> [DATA]:
▽
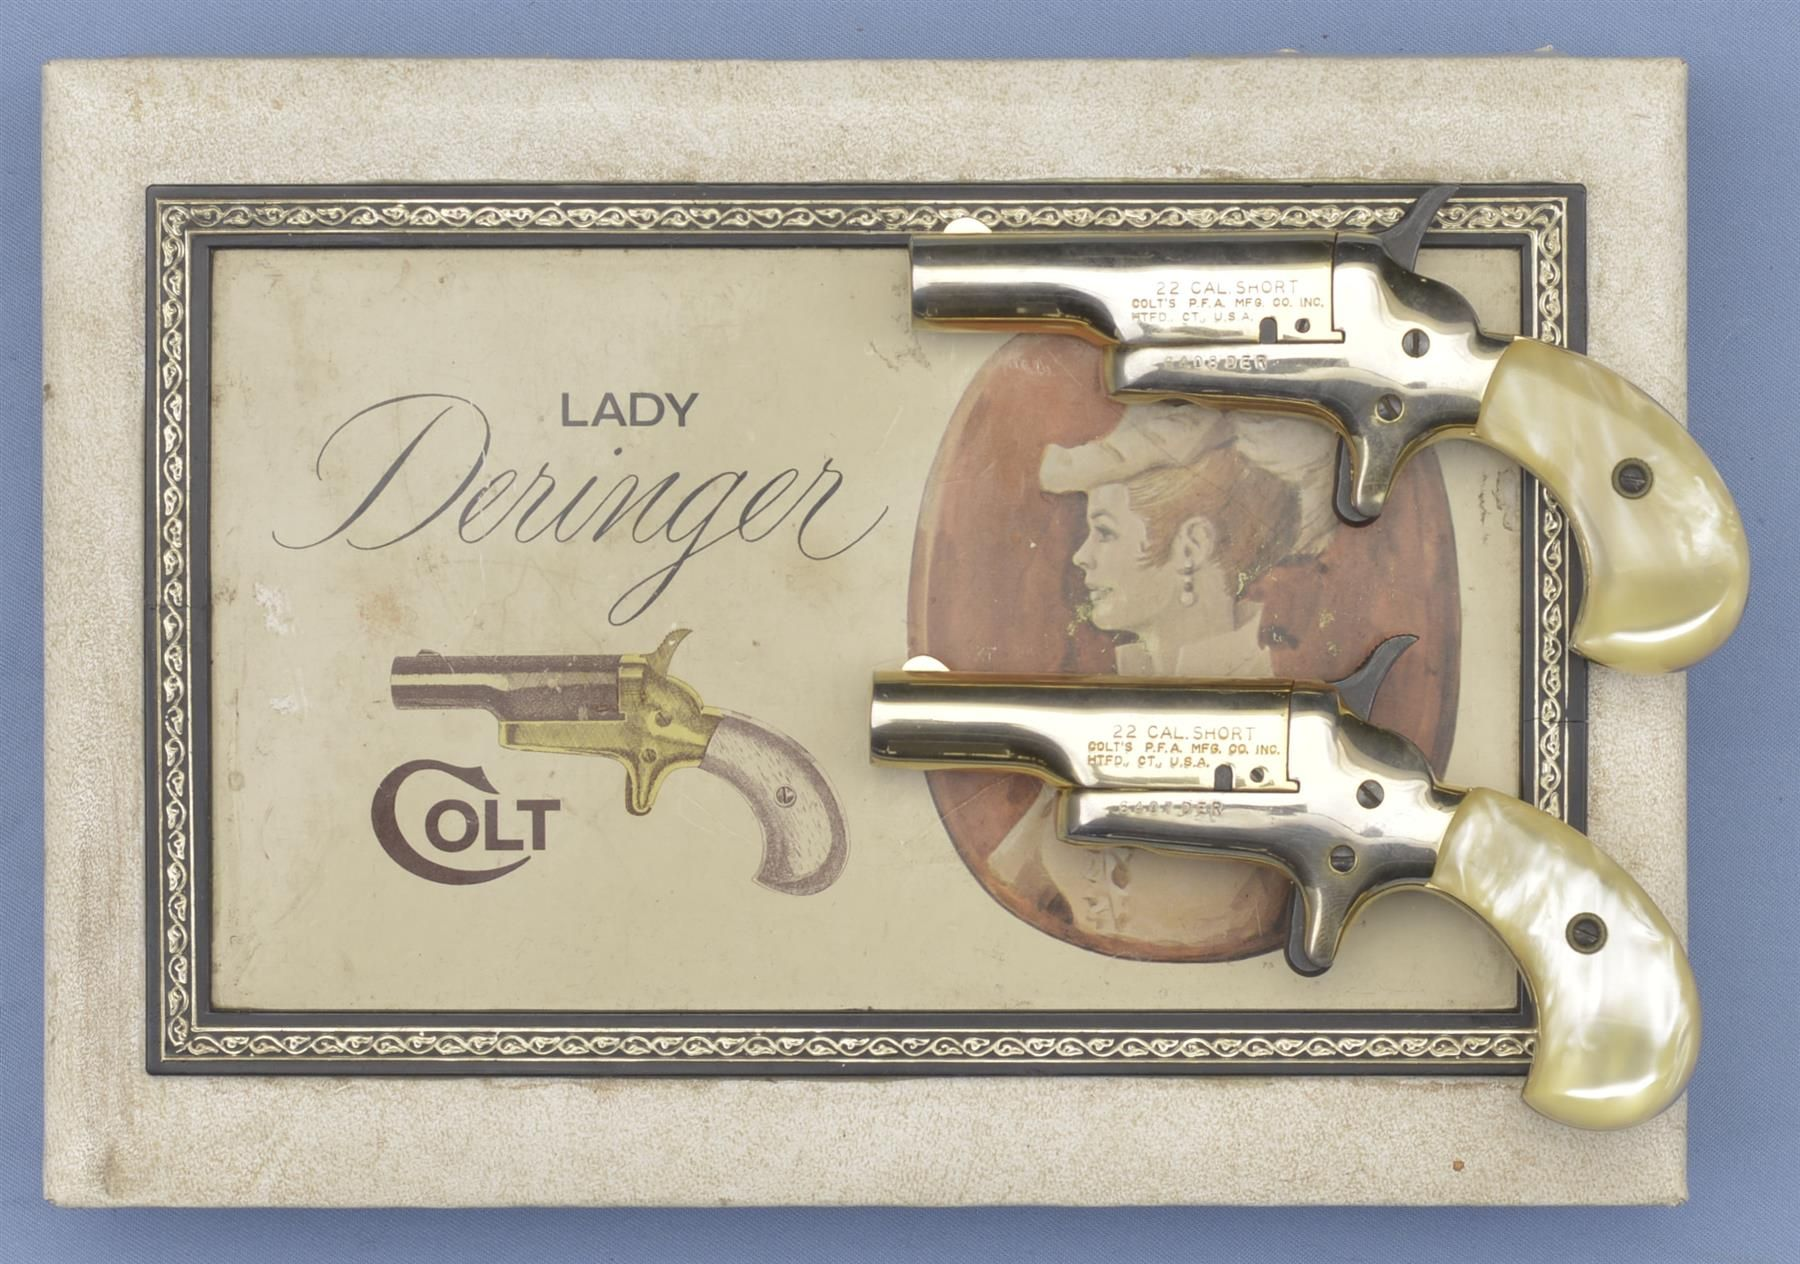 Cased Pair of Colt Lady Deringers - A) Colt Lady Model Single Shot Deringer
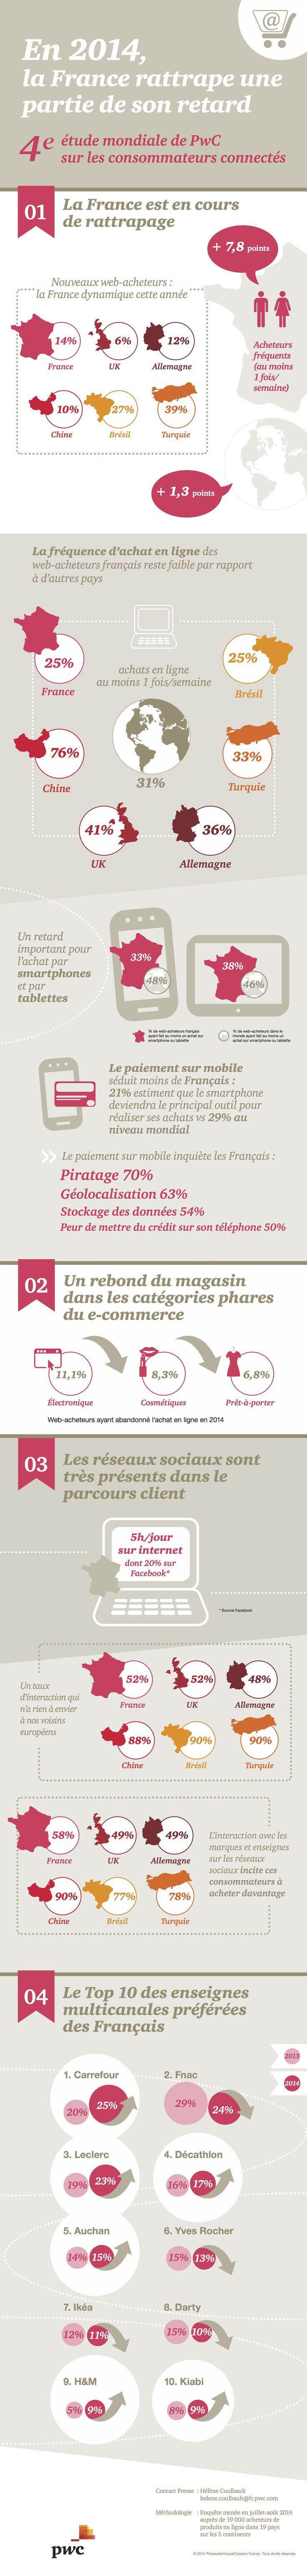 Infographie PwC sur les web-acheteurs (nov. 2014) : le taux de pénétration, la fréquence d'achat et les dépenses sont en hausse pour les distributeurs.
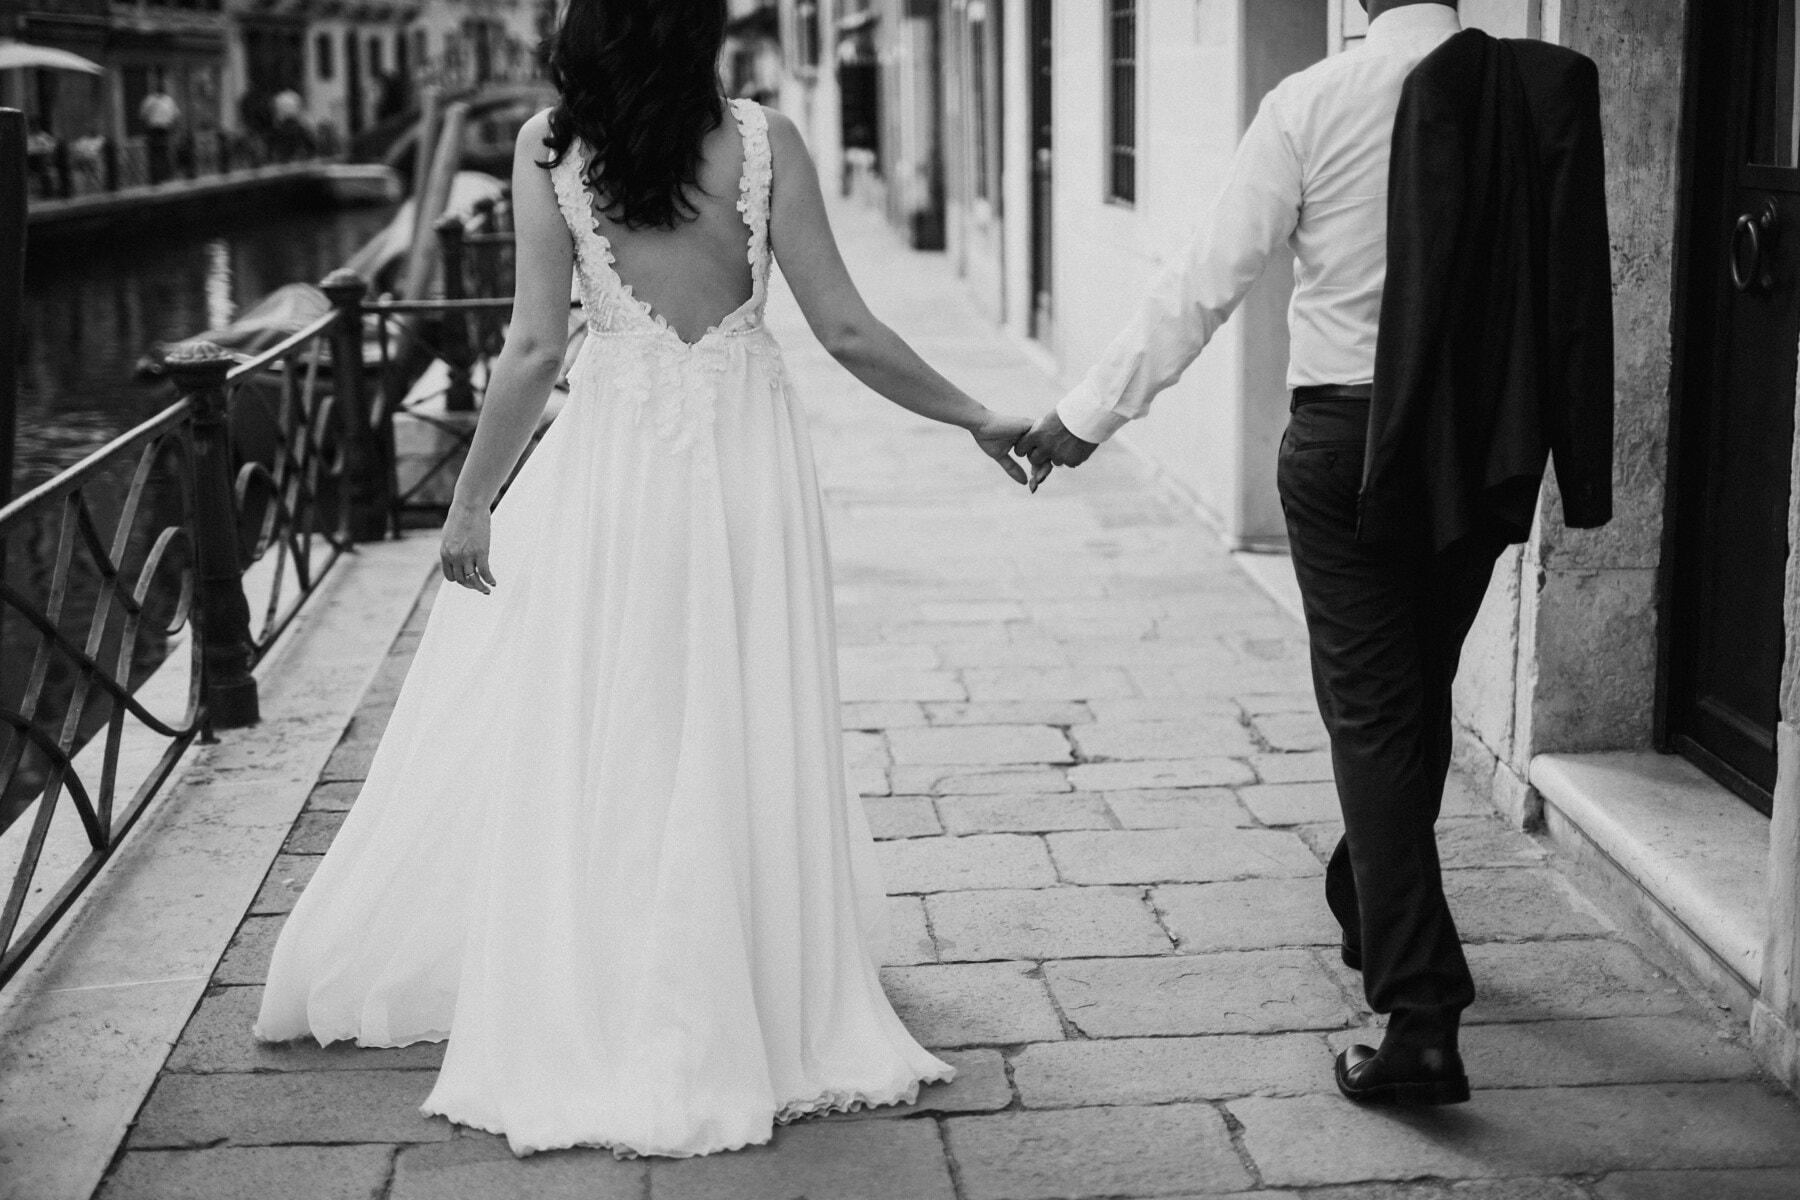 Italie, rue, noir et blanc, jeune marié, marié, gens, amour, la mariée, mariage, mariage
△
> [ASSIGNMENT]: Print out the material word for word, omitting the pictures.

> [ANSWER SPACE]:
 Cased Pair of Colt Lady Deringers - A) Colt Lady Model Single Shot Deringer
 Infographie PwC sur les web-acheteurs (nov. 2014) : le taux de pénétration, la fréquence d'achat et les dépenses sont en hausse pour les distributeurs.
 Italie, rue, noir et blanc, jeune marié, marié, gens, amour, la mariée, mariage, mariage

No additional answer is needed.